UPS has announced that it has abandoned its bid for TNT Express after encountering stiff objections from the European Commission. UPS had intended to purchase TNT Express to expand its reach outside of their current strong presence in North America and Asia. The European Commission (EC) has been very vocal about its worries that the overnight parcel market would effectively become a duopoly between the combined UPS-TNT new company and DHL. In addition to the European Commission, FedEx openly objected to the deal, stating it could potentially be shut out of the European market altogether. UPS had hoped that a plan to sell some of its assets in Europe to DPD, together with TNT assets, would satisfy the objections set forth by the EC by essentially creating a new pan-European overnight-parcel-delivery competitor. However, that solution did not temper the commission’s existing objections.

Accenture’s Take: 
The overnight parcel industry has always been a tight market since there are only four global carriers and a handful of niche local couriers. Since TNT has been open about its desire to exit this market, it will need to work hard to retain its existing customer base now that the acquisition by UPS has fallen apart. Often times, TNT has been looked at as the low cost provider when service isn’t a critical factor, so analysts feel that those that have remained loyal to TNT will continue to do so as long as its prices remain low. For those shippers where service is a deciding factor, the options continue to be limited to DHL, UPS and FedEx in Europe, so the European Commissions’ objection has little impact.

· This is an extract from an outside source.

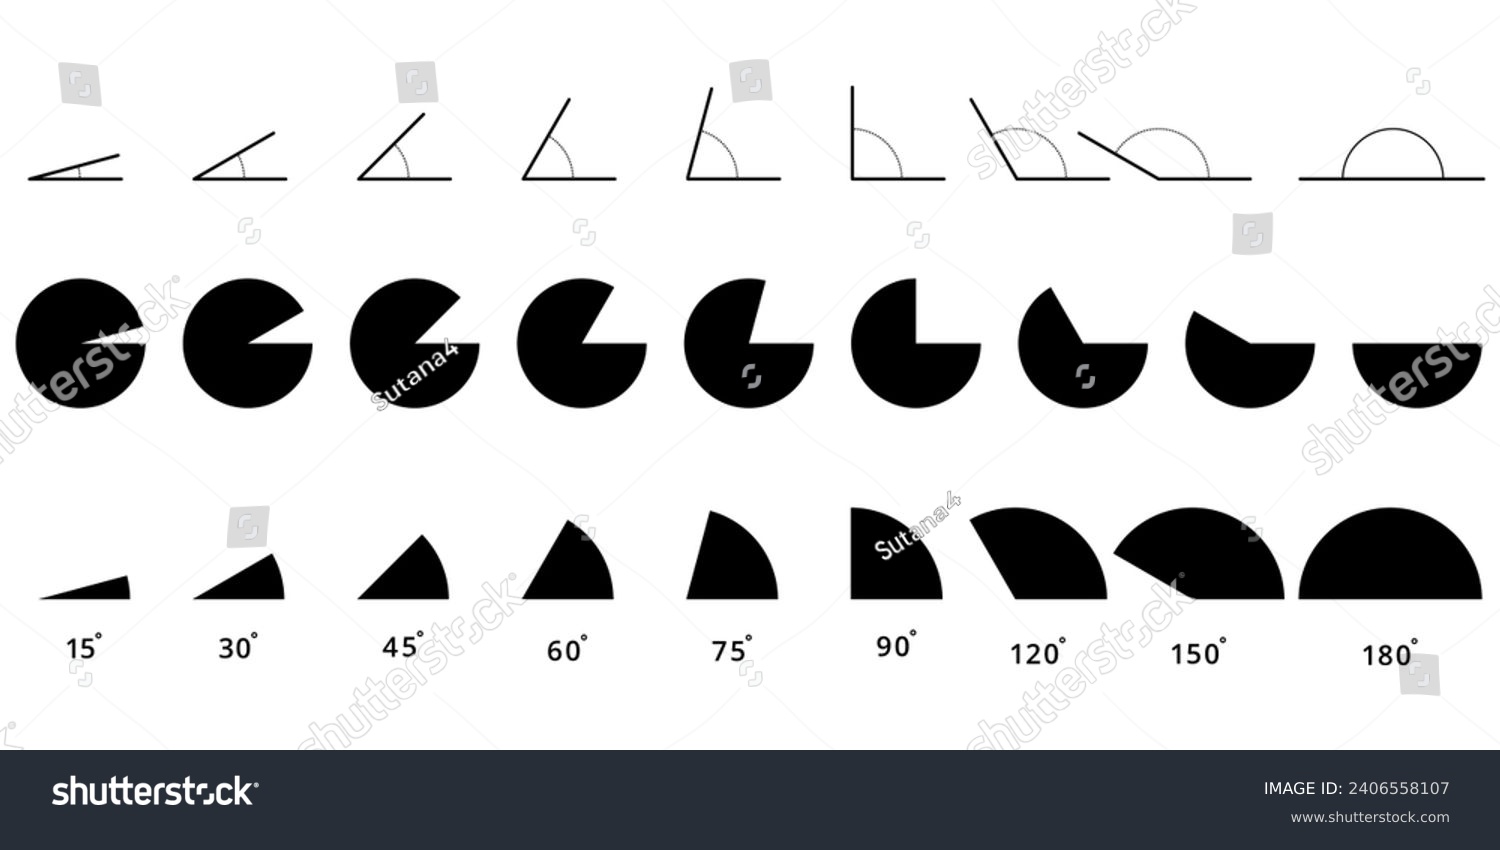 SVG of 15,30,45,60,75,90,120,150,180 degree icon set.degree of arc and pie chart icon svg

Ocean Freight Strikes Stress Importance of Contingency Plans

In December 2012, the industry saw the busiest port on the West Coast come to a standstill as the International Longshore and Warehouse Union workers went on strike at the L.A./Long Beach port. Retailers had to scramble to divert freight to Oakland and ports in Mexico. Eight days and billions of dollars in lost trade later, the L.A./Long Beach port strike came to an end. However, now the industry is facing a strike that could impact not just one port along the East Coast but one that could affect fourteen ports along the East Coast and the Gulf coast. Last year, these ports handled 110 million tons of cargo, so the impact to supply chains will be astronomical if these ports do shut down for just one day let alone an extended period of time.

Accenture’s Take: 
Developing contingency plans is not a new concept to the transportation industry. This topic gained a tremendous amount of press several years ago when the airline industry started to remove capacity from trade lanes during the recession. It was discussed when the industry faced the Icelandic volcano eruption in 2010. And it will continue to be discussed time and time again. While the president has the power to invoke powers granted to his office in the 1947 Taft-Hartley Act to stop the strike, shippers cannot count on this to ensure there isn’t a disruption to their supply chain. Having full rate cards with carriers will enable shippers to shift freight quickly between ports as a way of mitigated the risk of disruptions from labor unrest.